Meiner kaum bewußt ging ich nach der Arbeitstube, wo ich mich still an meinen Platz setzte und Hals über Kopf zu zupfen begann, als wollte ich mein Gewicht noch einholen. Kleiber streifte mich ein- oder zweimal mit einem fragenden Blick und ließ mich dann. Gleich darauf war Feierabend, aber auch den benutzte Kleiber nicht zu einer Frage. Erst kurz vor dem Essen im dunklen Eingang zum Speisesaal gab ich ihm die Papiere. Er merkte erst gar nicht, was ich wollte, da er nicht mehr darauf gefaßt gewesen war. Schnell nahm er sie und steckte sie ein. Zu sprechen vermochte auch er nichts. Aber ich fühlte, daß wir uns jetzt so nah waren, wie wir uns nie mehr sein würden, und wenn wir noch achtzig Jahre miteinander lebten. Ich liebte ihn, vielleicht weil ich so viel für ihn getan hatte. In ernster Betroffenheit wagte ich ihn den ganzen Abend nicht mehr anzusehen. Das gemeinsame Lied sang ich zwar mit, aber meine Stimme hatte keinen Klang, und die Worte hatten keinen Sinn. Wer war ich denn eigentlich nun?

Vor dem Schlafengehen schenkte mir Kleiber zum Abschied sein schönstes Buch, den »Lederstrumpf«, den er als einziger in der vollständigen Ausgabe besaß. Ich forderte ihn noch einmal dringend auf, meine Mutter zu besuchen; er könne ja von dort aus über den Chrischonaberg gehen. Ich hatte Tränen in den Augen, und er war auffallend rot, sonst aber gefaßt. Samberger schlief im dritten Zimmer; mit ihm habe ich nicht mehr gesprochen. Obwohl ich mir vornahm, wach zu bleiben, bis Kleiber aufstand und davonging, schlief ich vor Ermattung sofort ein. Als der Schlafbruder kam, wurde ich zwar noch einmal munter, aber nachdem ich eine Zeitlang in den Mondschein draußen geblinzelt und dem Ruf des Käuzchens in den Kastanien zugehört hatte, war ich plötzlich wieder weg. Kleiber ließ mich schlafen.

Ausgerissen

Desto früher war ich am anderen Morgen wach. Ich sah den Schlafbruder aufstehen und sich anziehen, ohne daß er das leere Bett bemerkte. Auf dem Schemel lagen Kleibers Werktagskleider wie immer; man mußte also denken, er sei nur hinausgegangen. Der Schlafbruder ging singen und kam wieder mit dem Ruf: »Auf!« Wir zogen uns an, und erst, als wir schon am Betten waren, stellte es sich heraus, daß Kleiber fehlte. Draußen ging eben die Sonne in einem strahlend blauen Himmel auf. Sie hatten also ein schönes Wanderwetter.

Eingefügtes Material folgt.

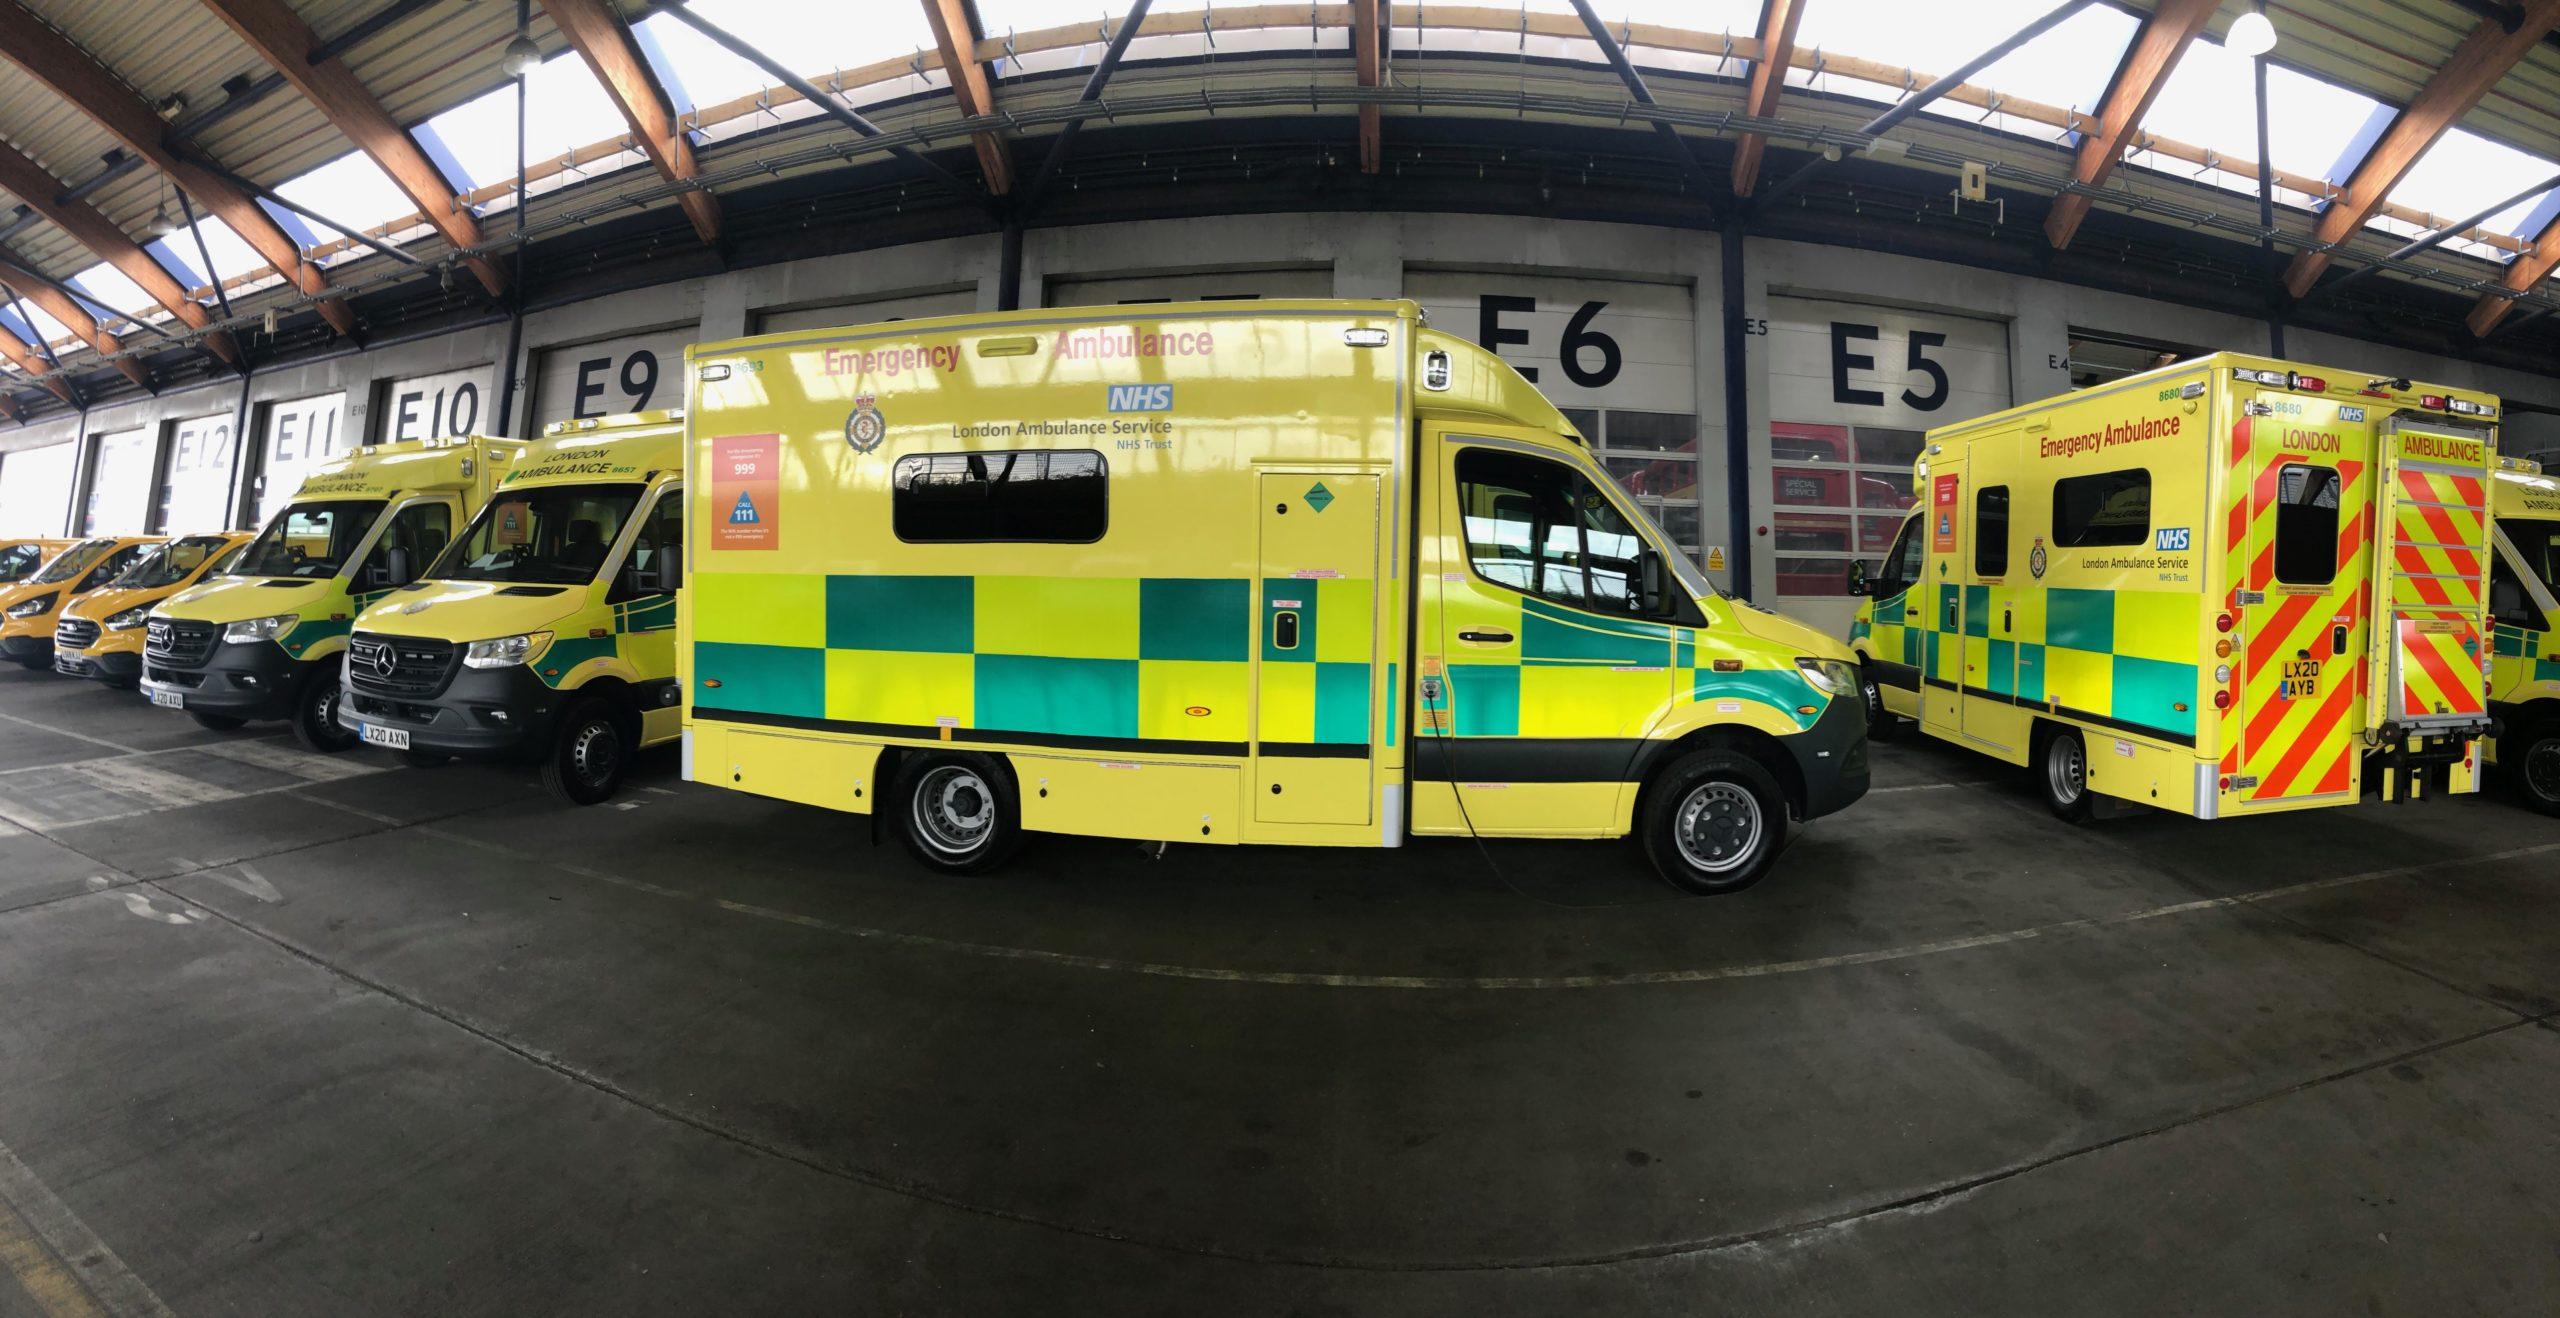 row of new ambulances in garage

Es befanden sich noch vier Bundesmitglieder in diesem Saal, und jeder wußte, daß nun keine leichten Tage für uns kamen. Schon erschien aufgeregt der Schlafbruder des dritten Zimmers bei uns, ob hier vielleicht auch einer fehle? Auch Samberger war also durchgekommen. Wie ein Lauffeuer verbreitete sich die Nachricht durch die Anstalt. Als wir zum Waschen gingen, bemerkten wir an den Türflügeln des Portals zwei große ausführliche Kreidekreuze, die noch niemand weggewischt hatte. Das waren ihre Abschiedsgrüße. Beim Morgenessen sah alles nach den zwei klaffenden Lücken in unseren Reihen und herrschte bereits eine schwüle, bezogene Stimmung. Auch der Herr Vater tat einen raschen, unruhig spähenden Blick nach unserem Tisch, obwohl er sicher nichts sah als die zwei hellen Streifen unserer Gesichter. Er genoß wenig, sprach kaum, grübelte blaß und gespannt vor sich hin, und die nachfolgende Andacht verlief gespannt wie unter dem fernen Aufziehen eines Gewitters.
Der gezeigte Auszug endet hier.